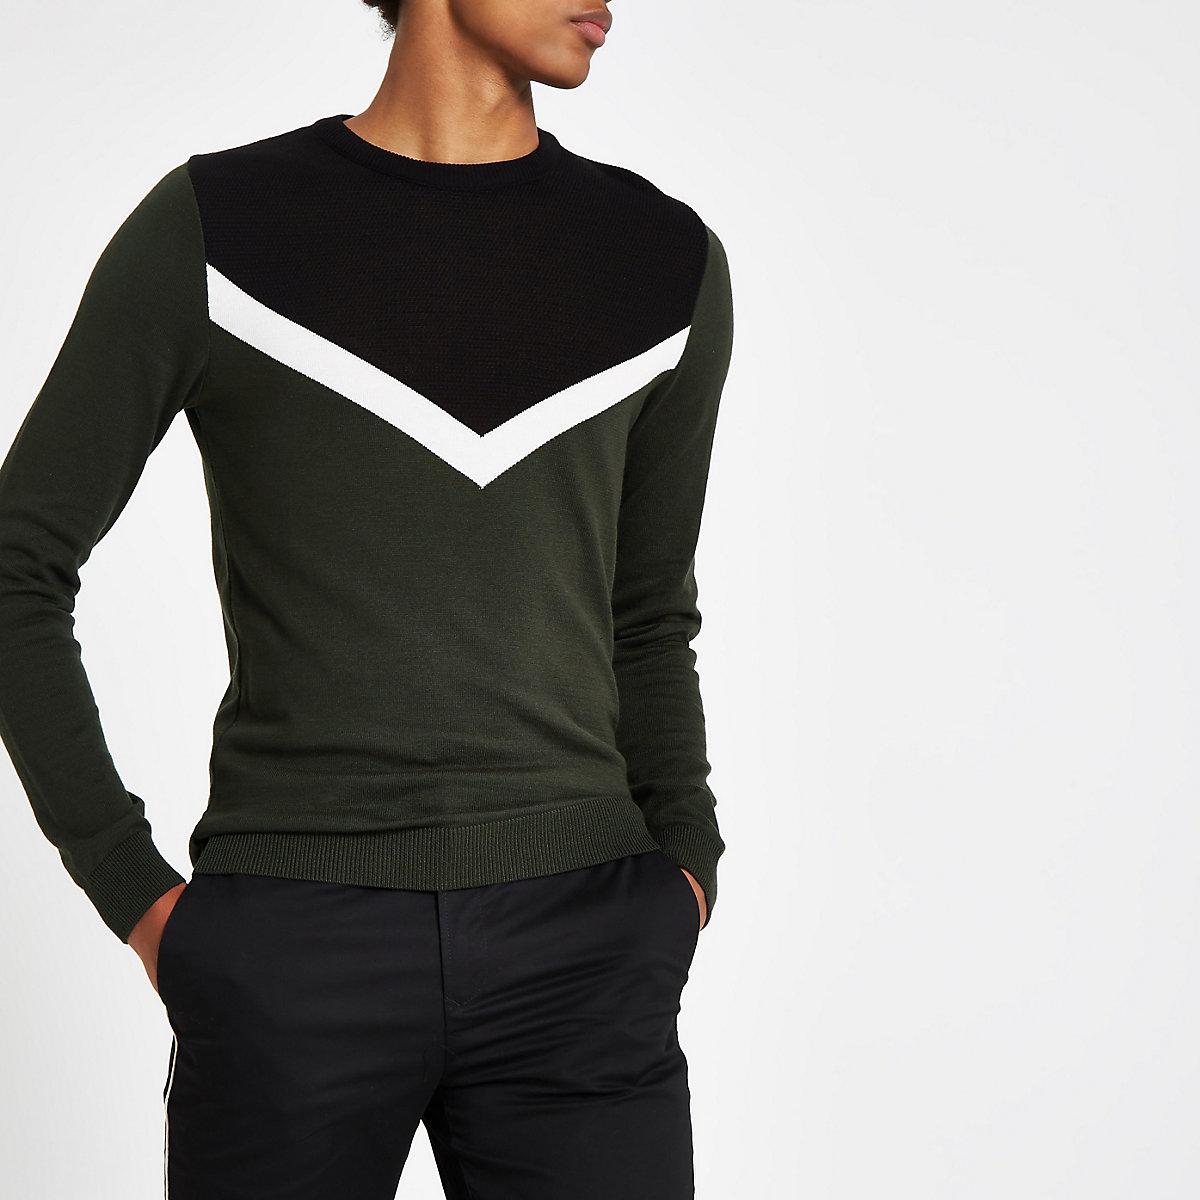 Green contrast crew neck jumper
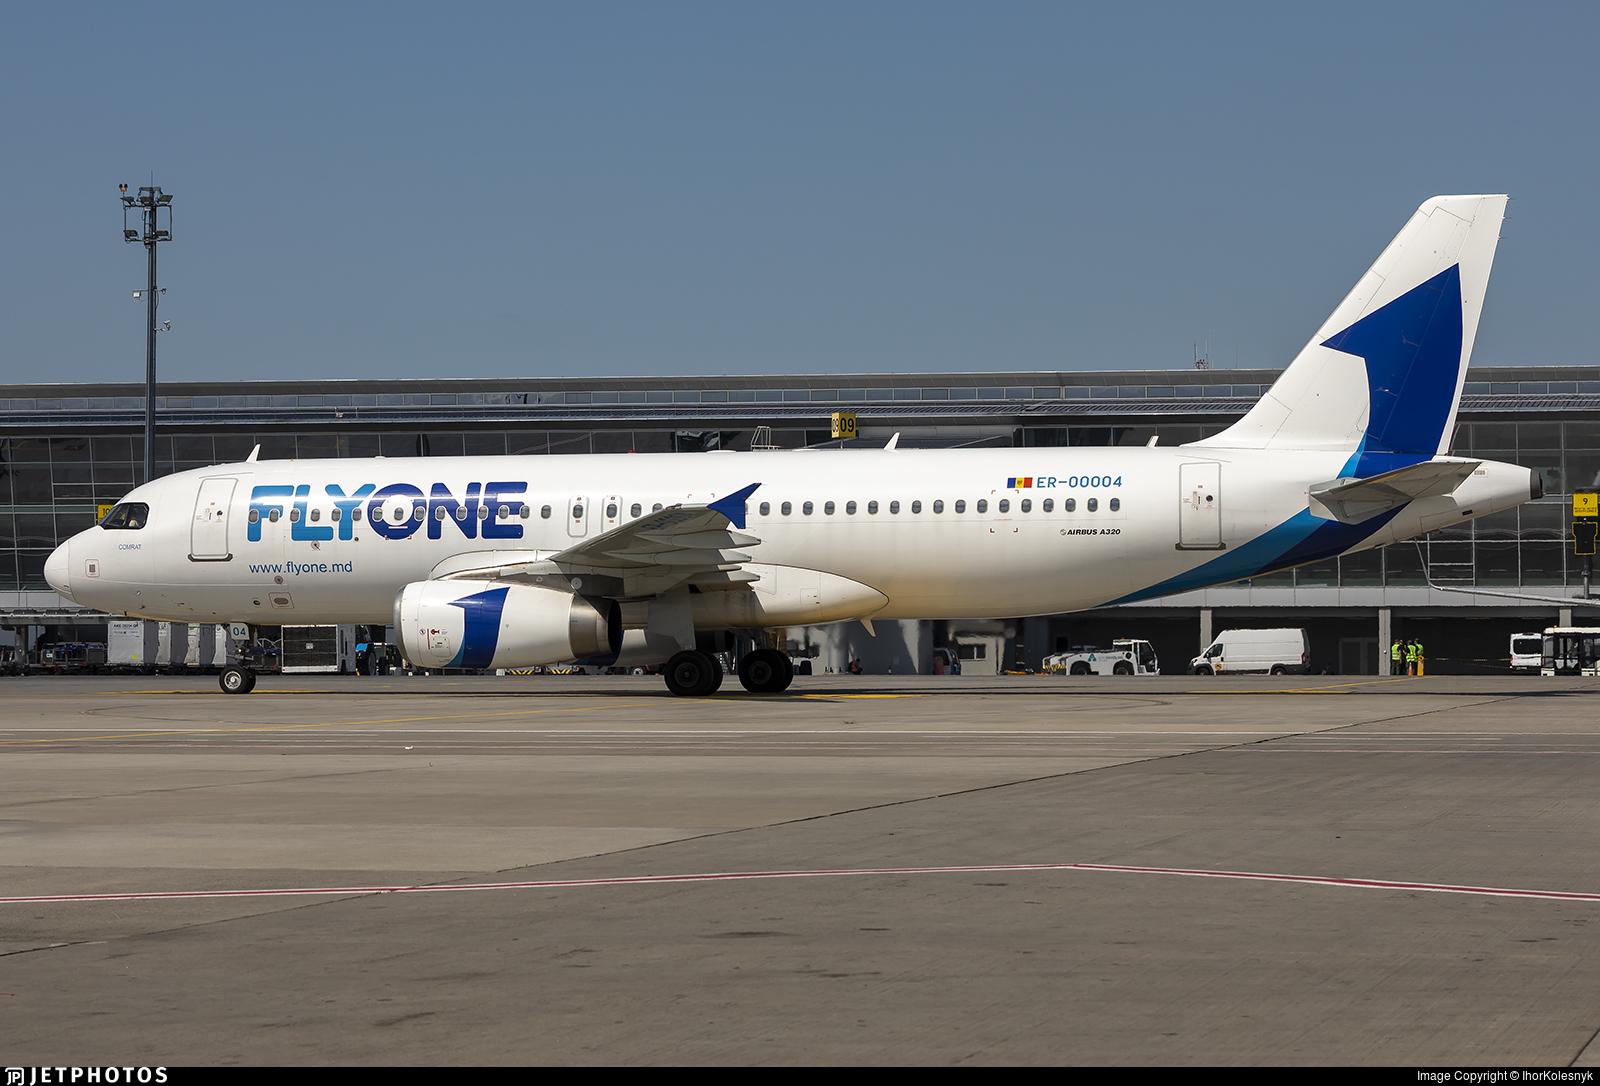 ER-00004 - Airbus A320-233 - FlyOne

==

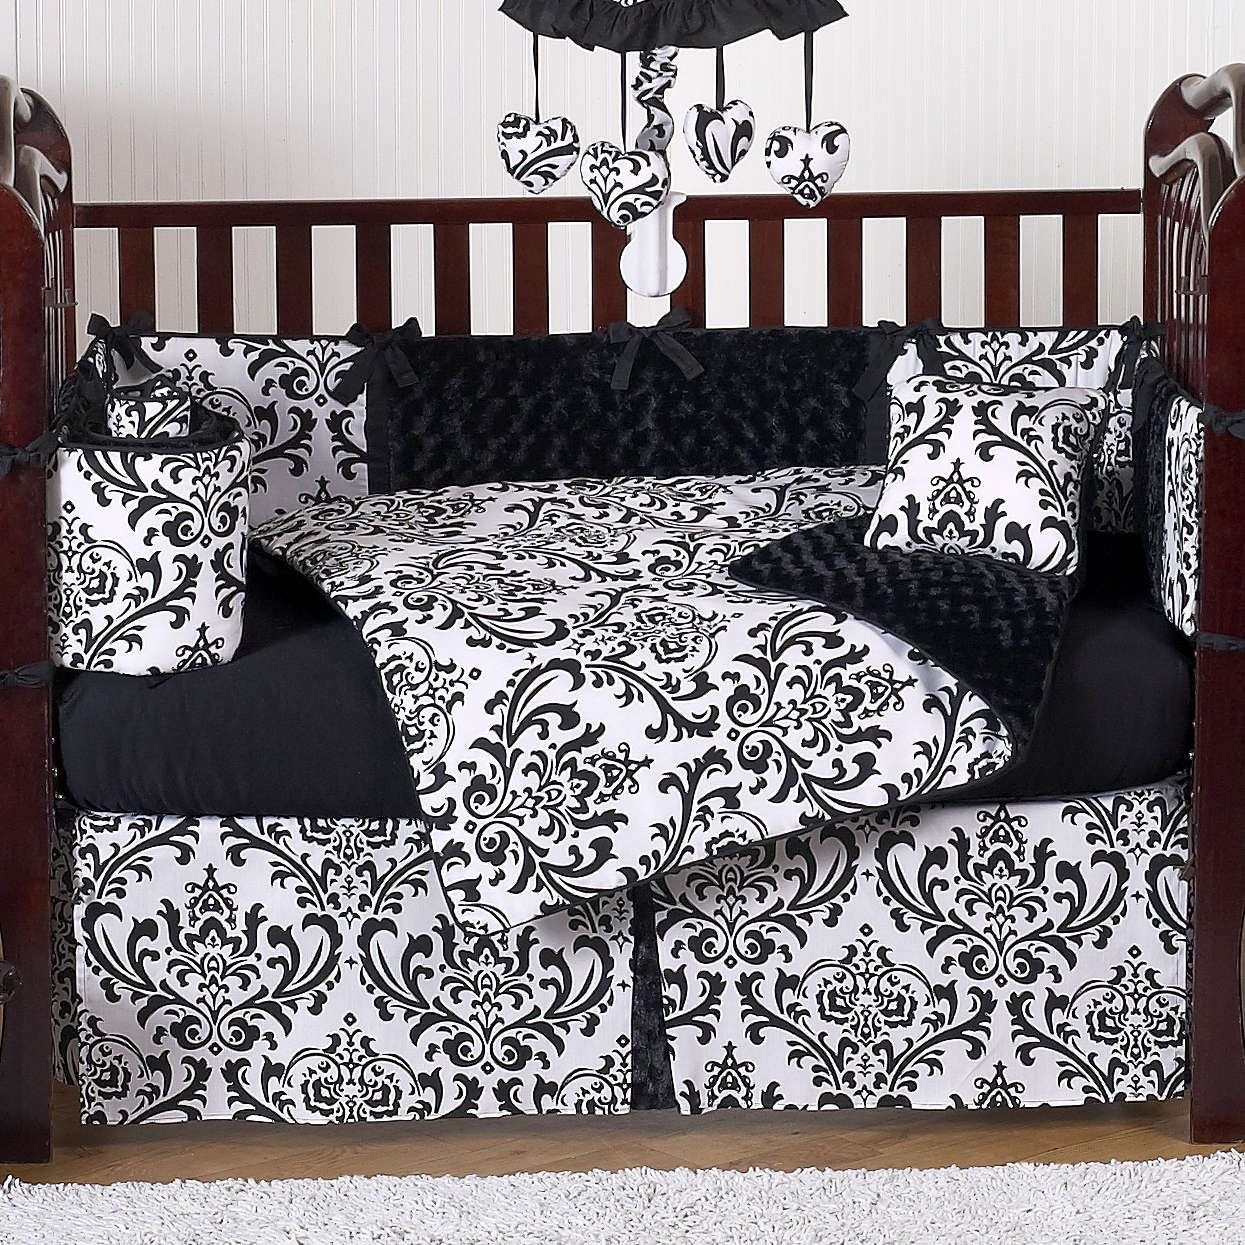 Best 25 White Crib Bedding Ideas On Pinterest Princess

...

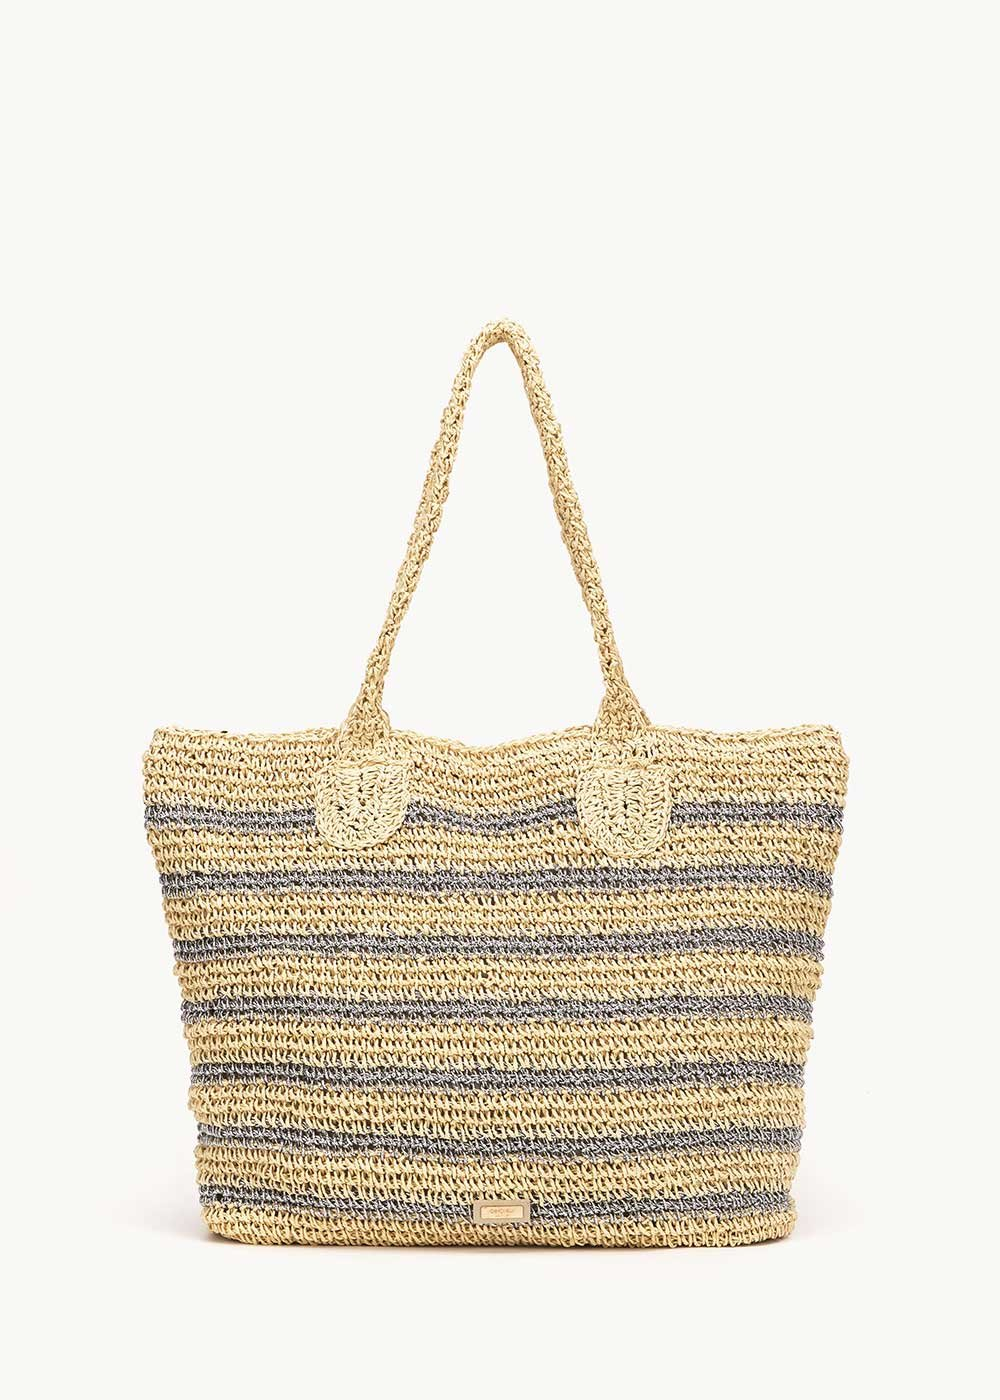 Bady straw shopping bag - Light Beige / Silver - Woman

**Work task:** The answer must be the part of the records that opens with the line containing "Green contrast crew neck jumper" and closes with the line containing "ER-00004 - Airbus A320-233 - FlyOne", reproduced exactly, with no pictures.

**Exercise result:**
 Green contrast crew neck jumper
 ER-00004 - Airbus A320-233 - FlyOne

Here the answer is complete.